Assigned task
The reply is a verbatim copy of the listing below with its images dropped.

Supplied data
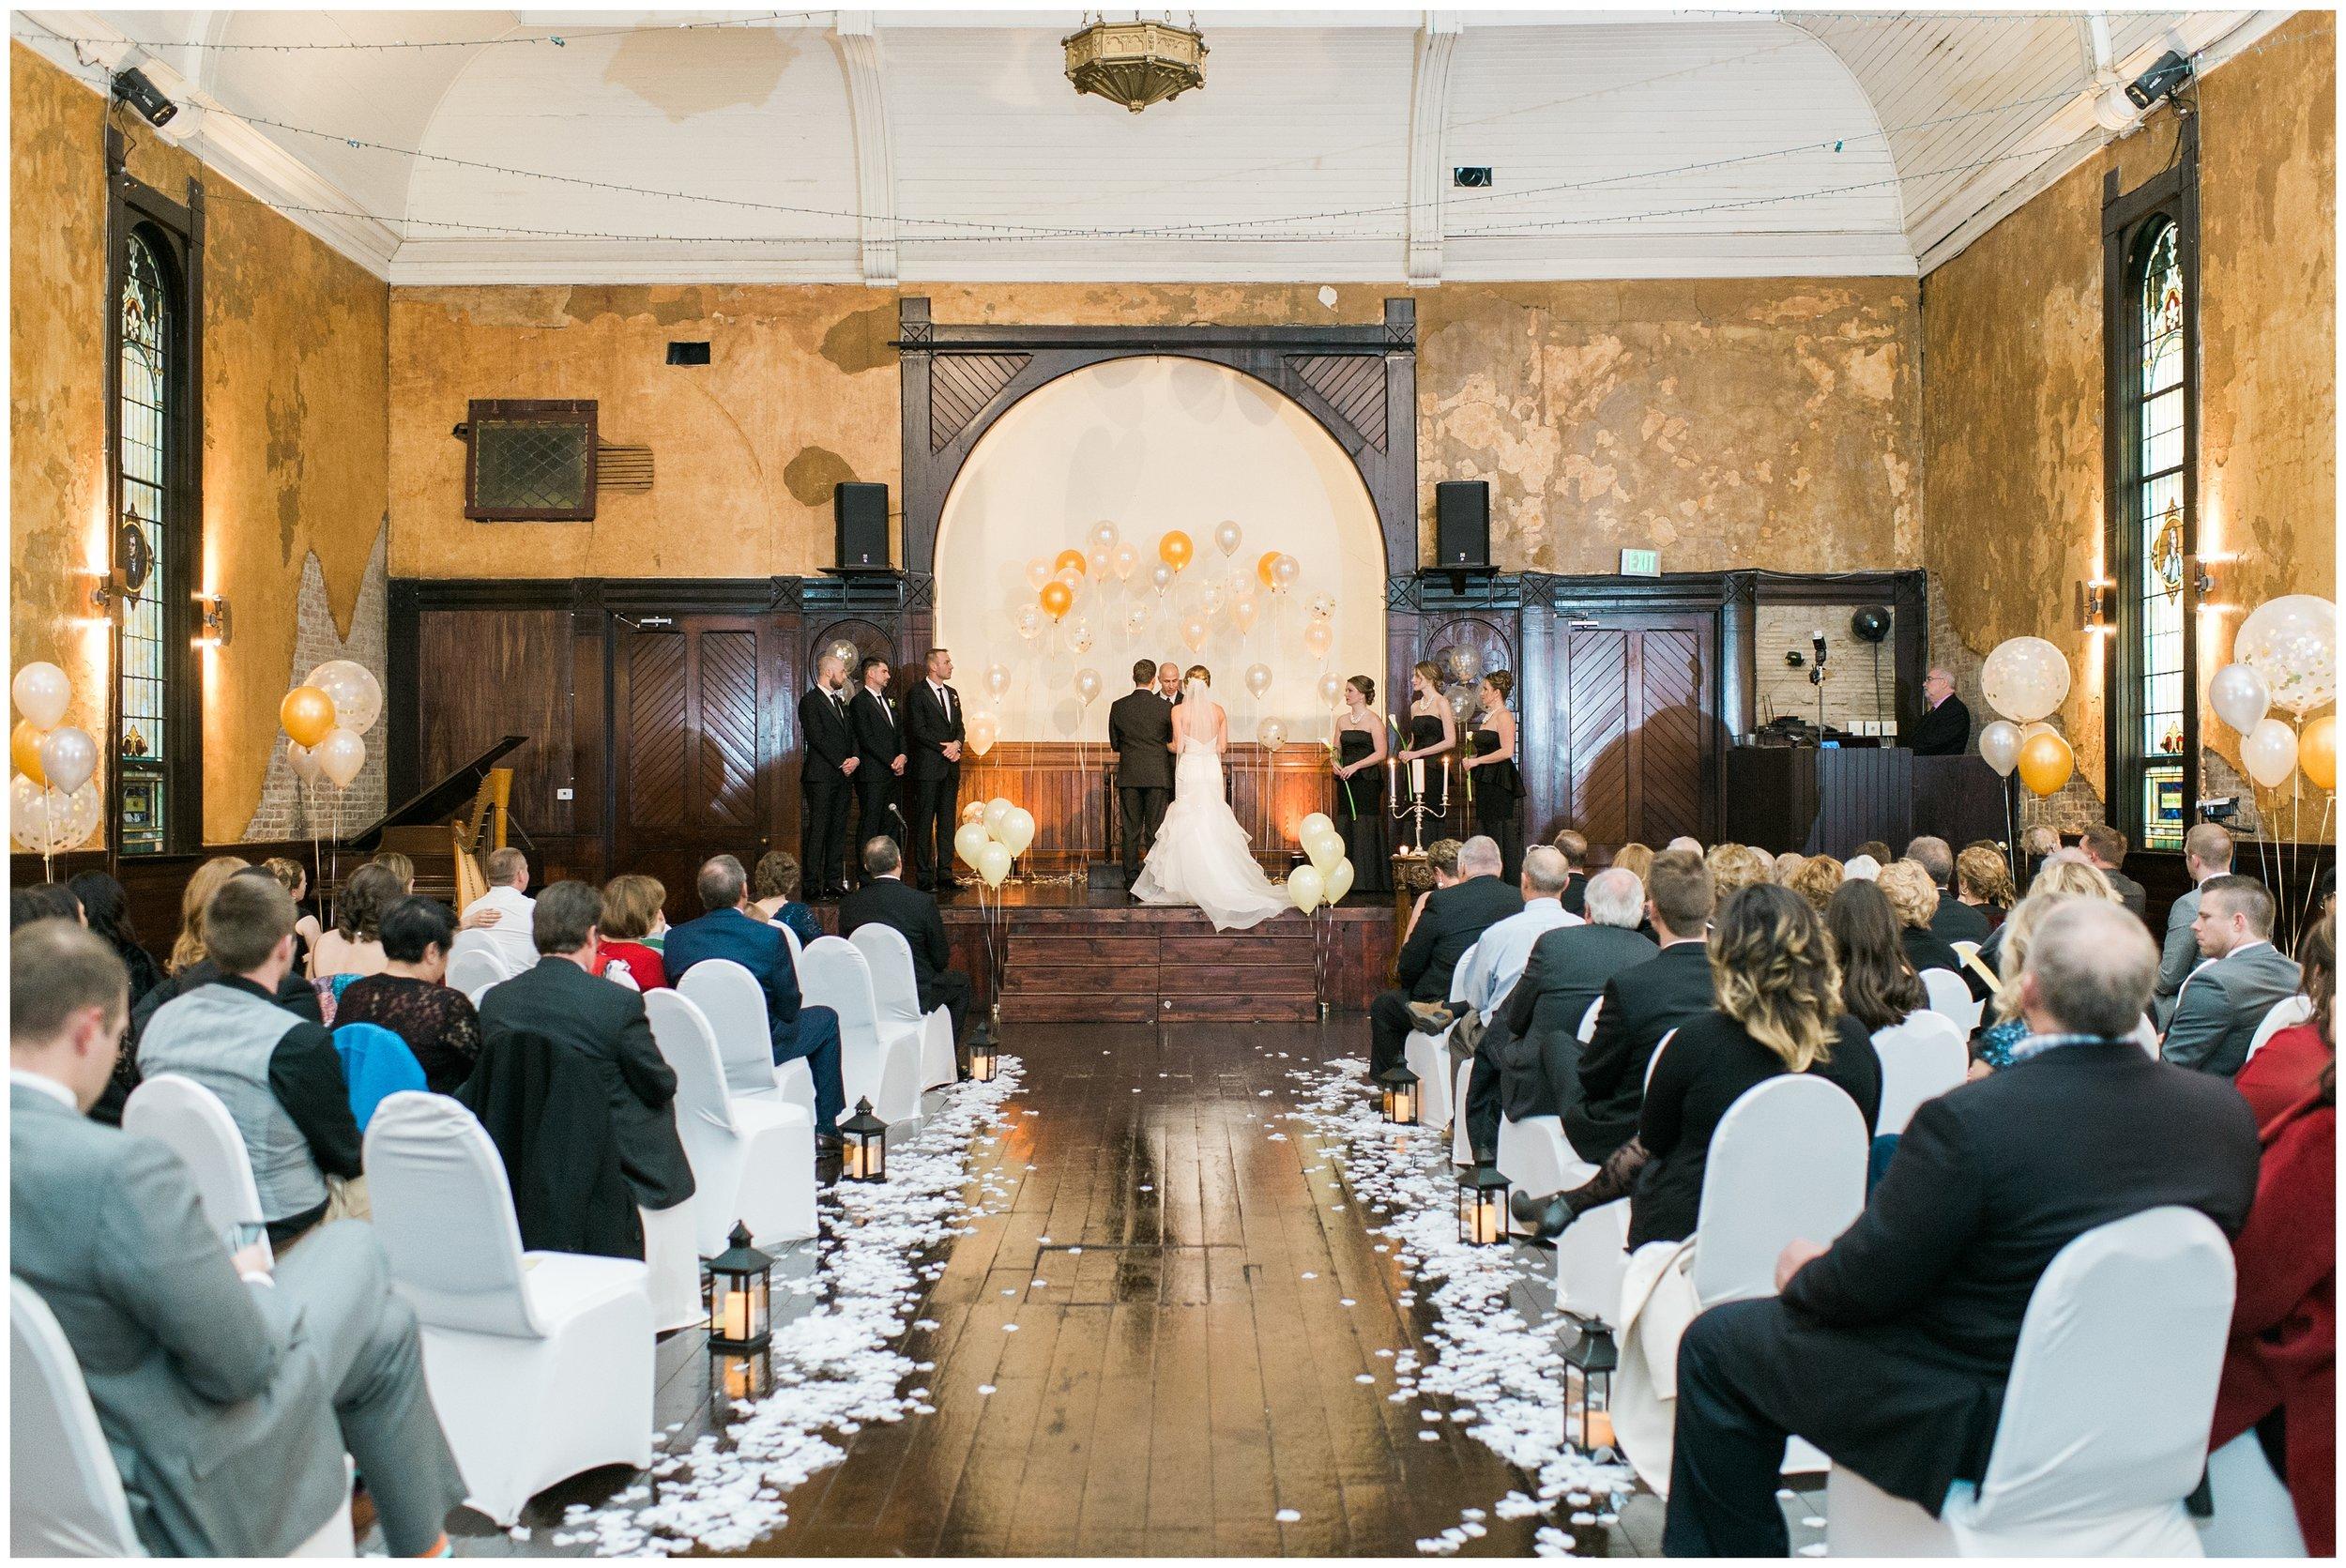 Rebecca_Bridges_Photography_Indianapolis_Wedding_Photographer_5831.jpg
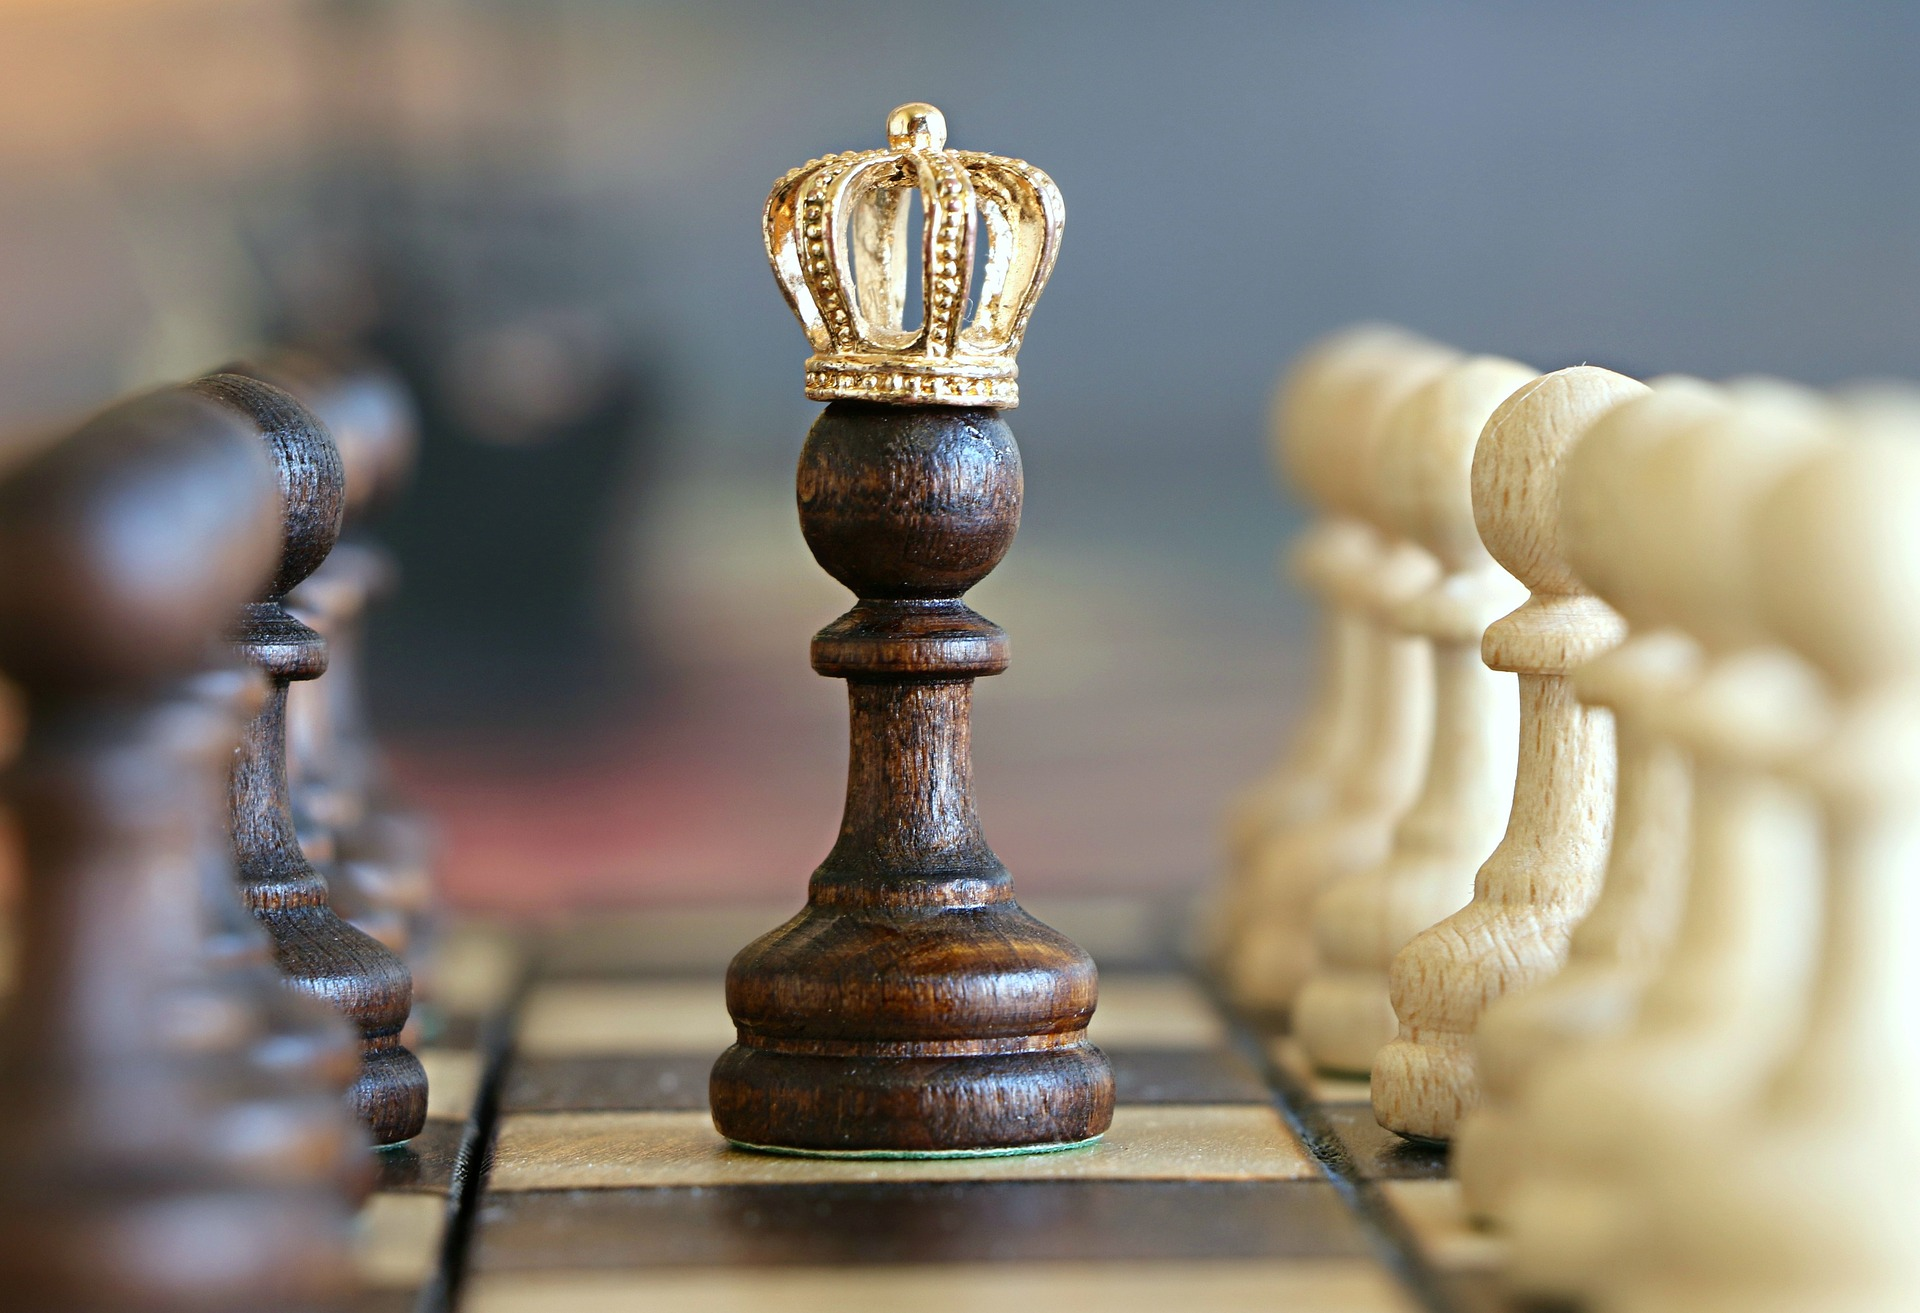 szachy pionek pionki pion piony promocja
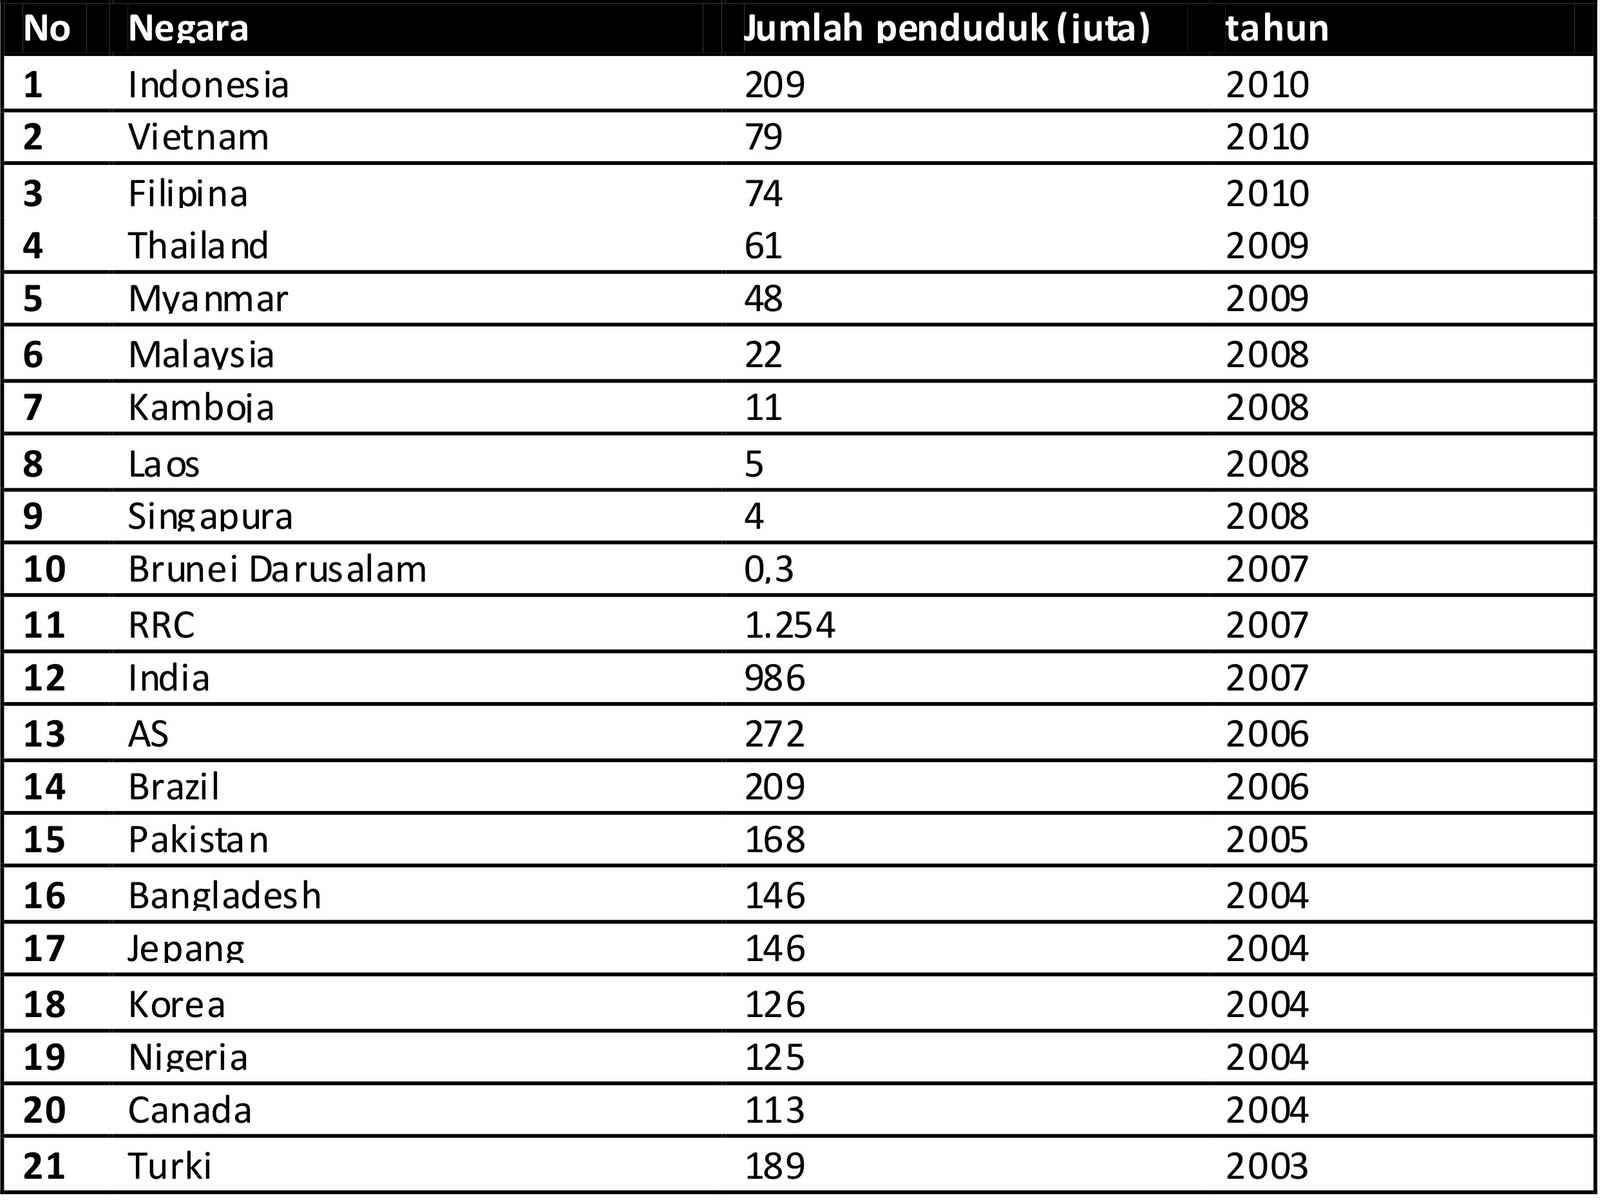 Tabel Penduduk

Solution for this exercise
 Rebecca_Bridges_Photography_Indianapolis_Wedding_Photographer_5831.jpg
 szachy pionek pionki pion piony promocja
 Tabel Penduduk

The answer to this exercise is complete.